What is the most fundamental part of living in society, within communities?
Communicating well. This endows a responsibility on members to have this knowledge, as well as act on it. We must not only know it, we must recognize through action and actually do it. Not to be lost in the picture here is an important act of reflection: criticizing and then removing those hindrances to honest, open dialogue.
It is often held up as a virtue that one who respects others opinions, and more specifically their ability to believe differently, is integral to communicating well. Respecting the differences of the Other. And this seems entirely counter-intuitive to me. Of course, we're all not the same person. We are each different in the way our particulars manifest themselves, but we share the general schema of particulars, the different categories. It is a difference of degree. If honest, open dialogue is needed: how can we justify removing such a general group of statements as beliefs from the mix? It seems right to apply the tag of "universal human good questions" to "beliefs", for really what is a belief other than an individual's "conclusion" (and i use that word loosely) answering the question: How is a human life best lived? For it would certainly be an outrageous concept that anyone would live their life in any way other than the one they deem the best for a human to live, no? Though I guess perhaps no one is perfect, No One can live in perfectly congruent accordance with standards of value (self-derived or otherwise)? But, all the same, it seems entirely ridiculous that one would live so far outside the spectrum of the standard and that this would still remain as the standard. It seems that if one lived so far out of whack with what is claimed by the standard, then perhaps self-reflection is needed to sort it out and decide what is the standard that is actually ruling and contributing to reality, interacting with wills external to my own: "I may claim to myself and others that it is one thing, but doesn't this clear fissure prove otherwise? How can I claim to value x so greatly on the one hand, but restrict if from ever manifesting itself in action by walking towards y and only groping at x? Perhaps, I value this y, the end my actions proves out, and not the end I thought I sought in my mind."
Maybe that is too black and white. Or too naive. It isn't that people aren't aware of the parallel, crashing standards. Or are aware of one and not the other. It's that they don't recognize the conflict. They have no idea that they engage in a self-negating cycle. That they act towards one end for a period of time. Then towards another. And that these aren't parallel, never-meeting-except-at-the-finish line lines, but, sadly, tragically, inextricable from one another. Ripping the other to shreds while building itself with glorious intentions. And then powerlessly getting ravaged by the other. Neither counterwilling, neither protesting. They have no idea for of course the courses of actions themselves exist in a vacuum; they are human dependent, human created. They require a director, and not an autonomous one at that, an autopilot suffices. They don't know the difference, they are intangible, puppet concepts. So, the onus is on the director to realize the conflict and adjust. But he doesn't. He doesn't look inside. He wanders about aimlessly, motivated by emotion and whim. He feels the pain of the battle raging within, and is unable to know that not only is he the only who could stop it but that there is a conflict worth fighting at all. That Yorke’s “two colors” reside inside his head. He sits contentedly in pools of corrosive, quickly consequential unknown knowns.

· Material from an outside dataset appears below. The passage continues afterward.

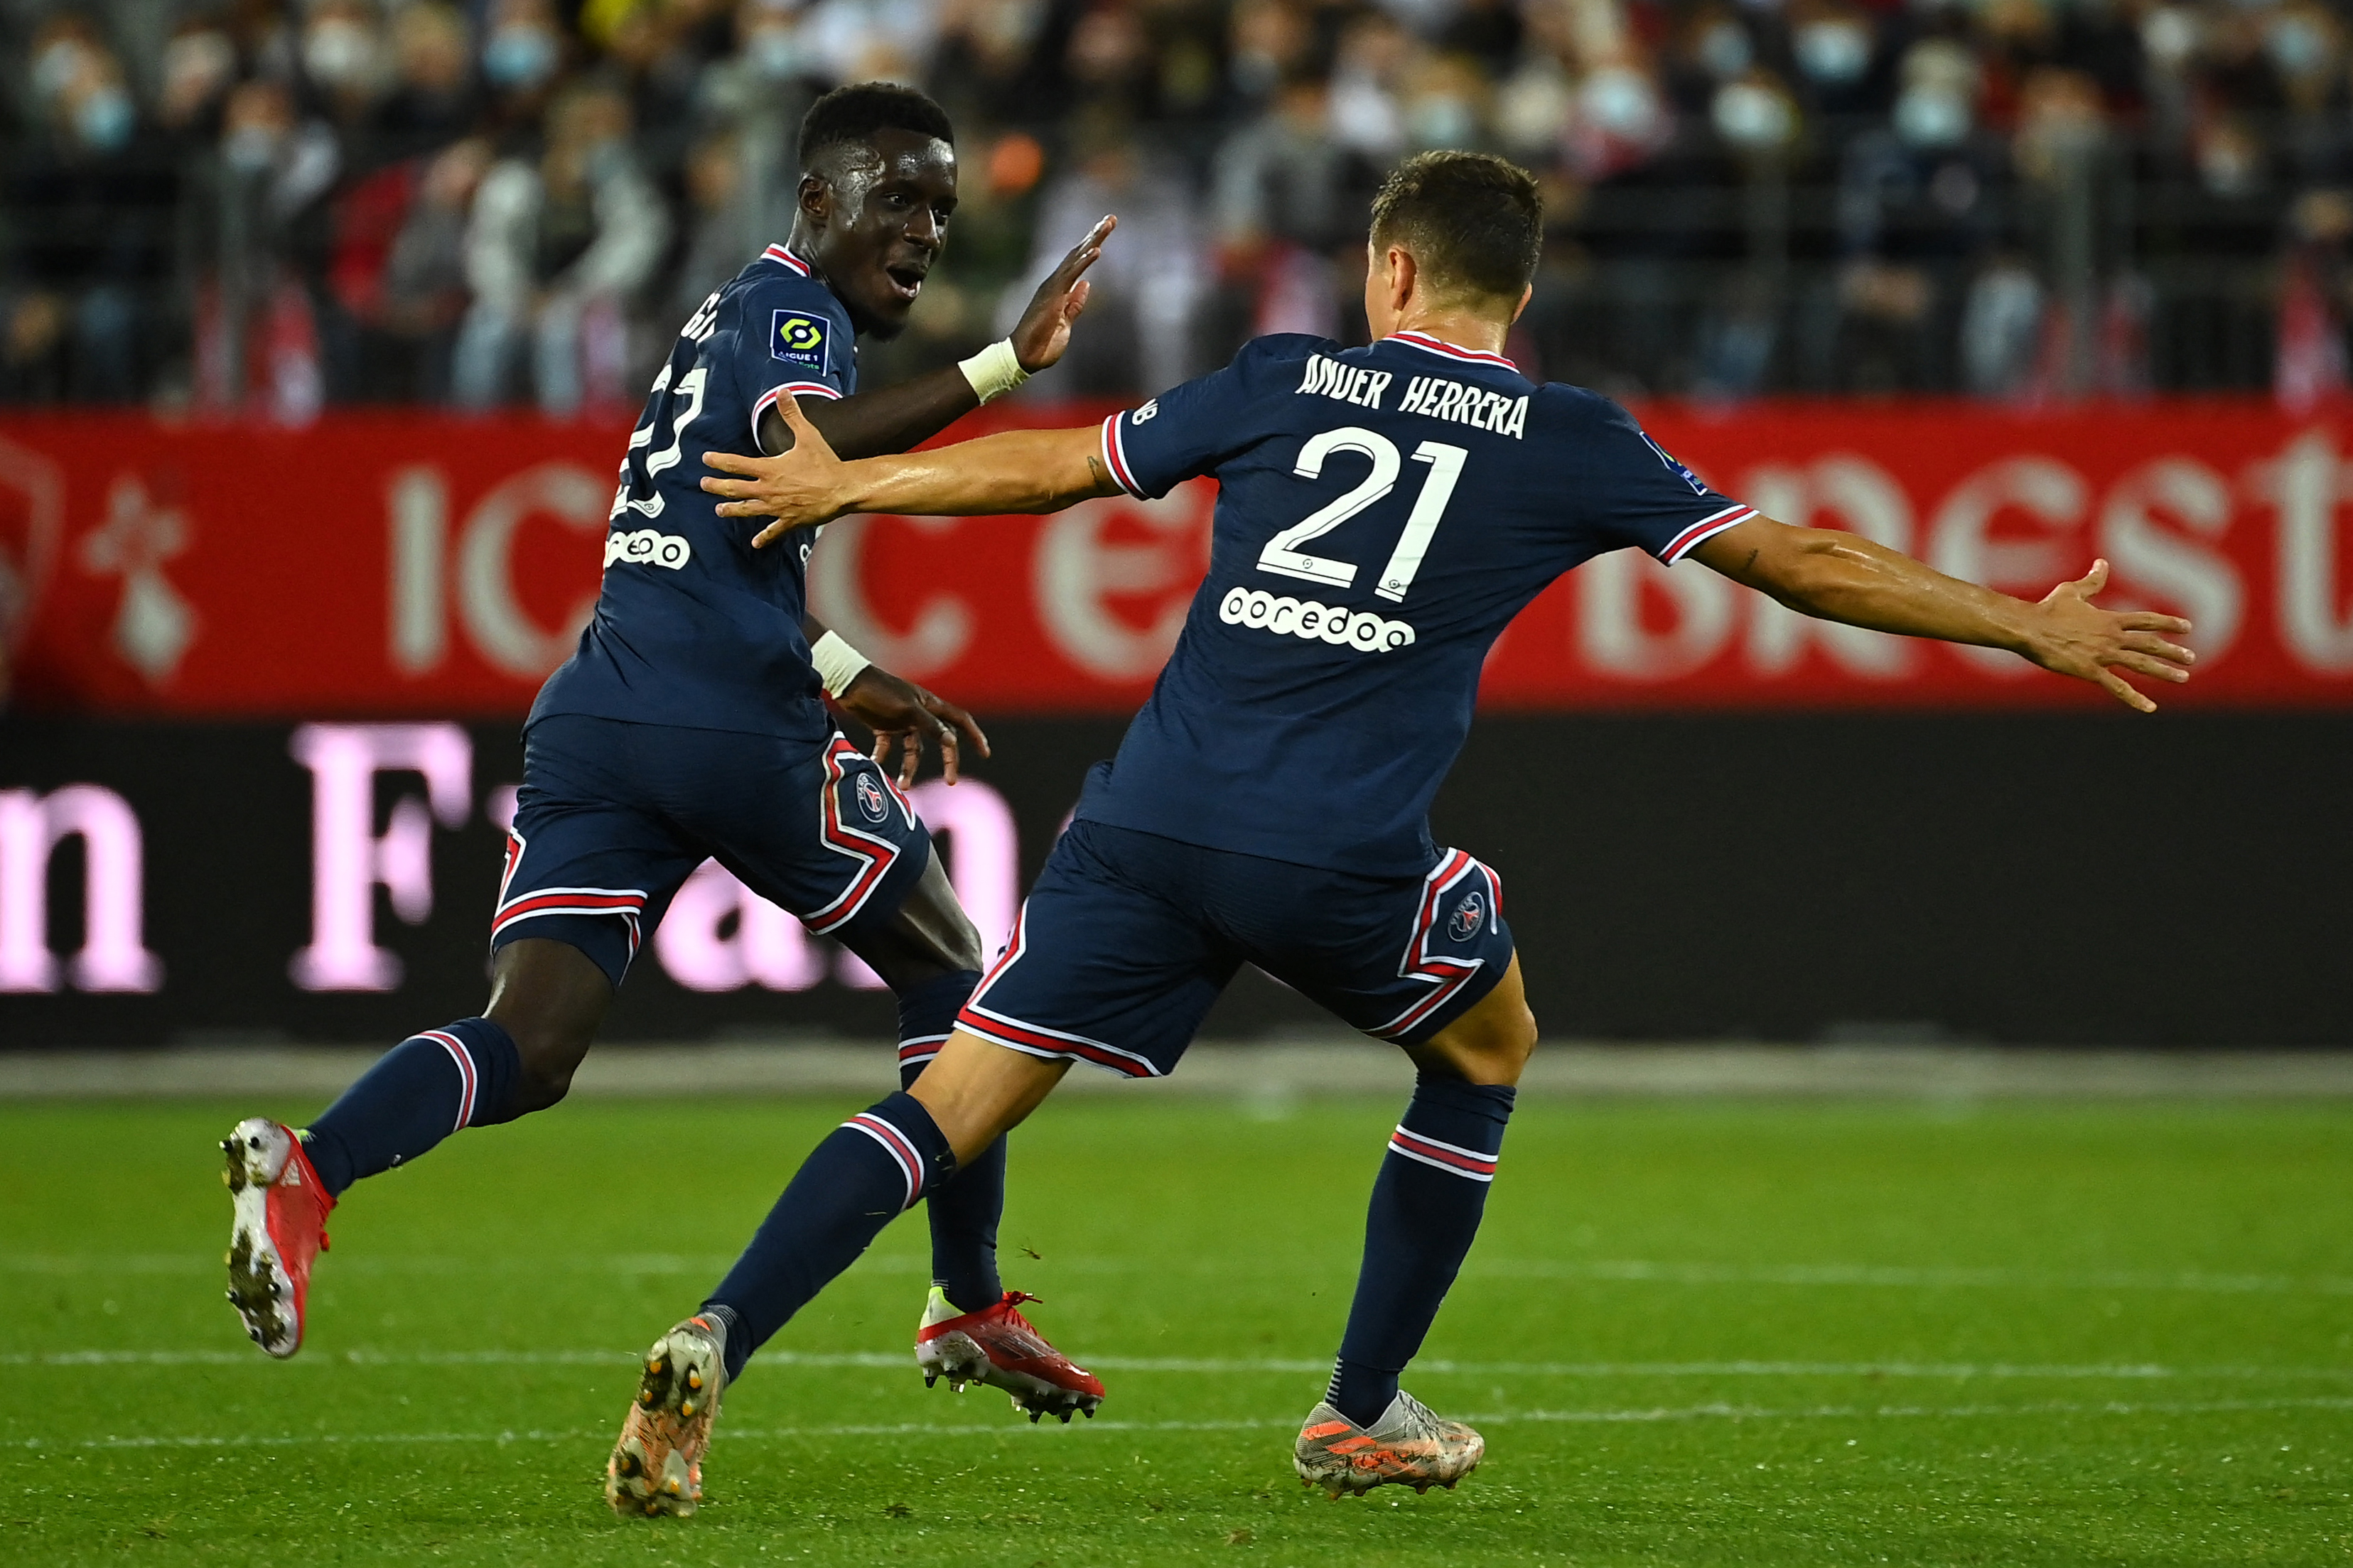 PSG-Clermont (4-0) : Gueye, Herrera... à Paris, maintenant les milieux marquent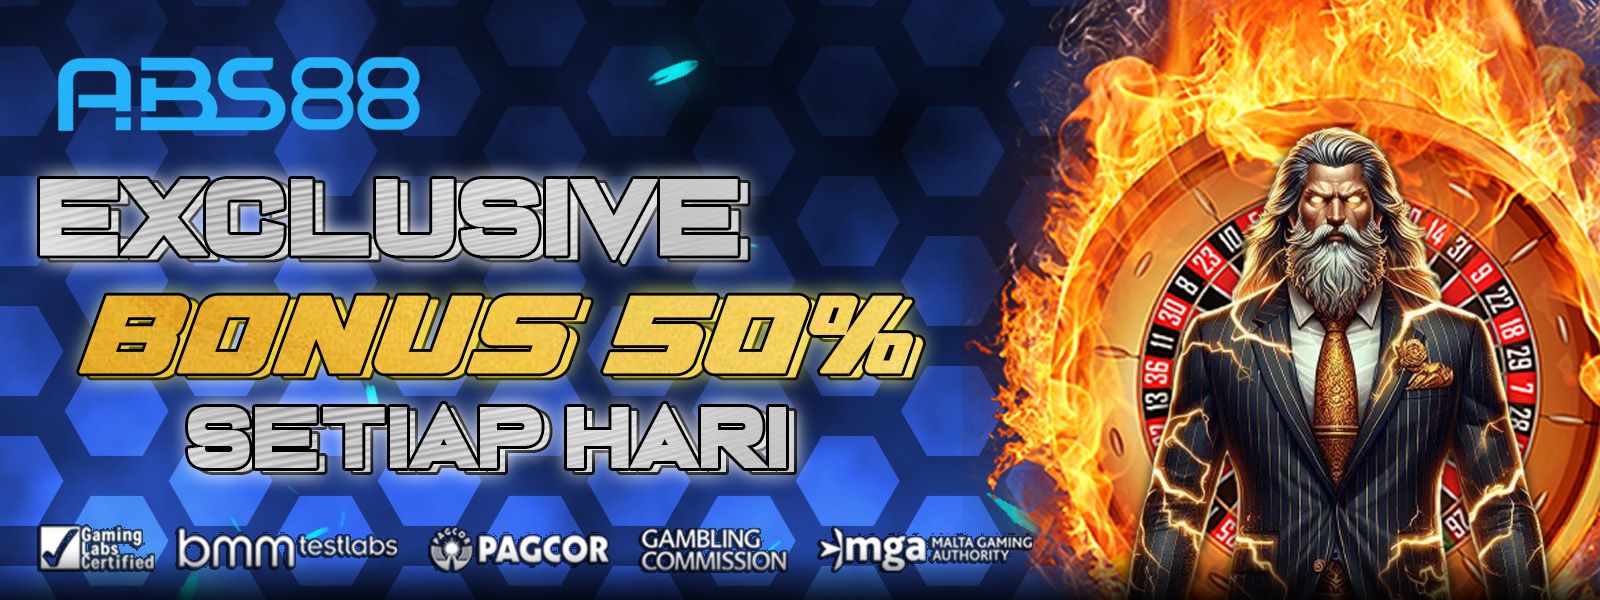 EXCLUSIVE BONUS 50% SETIAP HARI HANYA DI ABS88

So, if we maintain that communication is the most basic tool for social success, then an even more fundamental need arises towards that end: self-reflection
And what of language, that most basic building block of communication? How does it affect comm that words have become so detached from any sort of "static" meaning, bending stretching, each time in another direction, under the auspices of another general, adifferent set of troops with dreams of conquering lands wholly unfamiliar to previous generations of usage.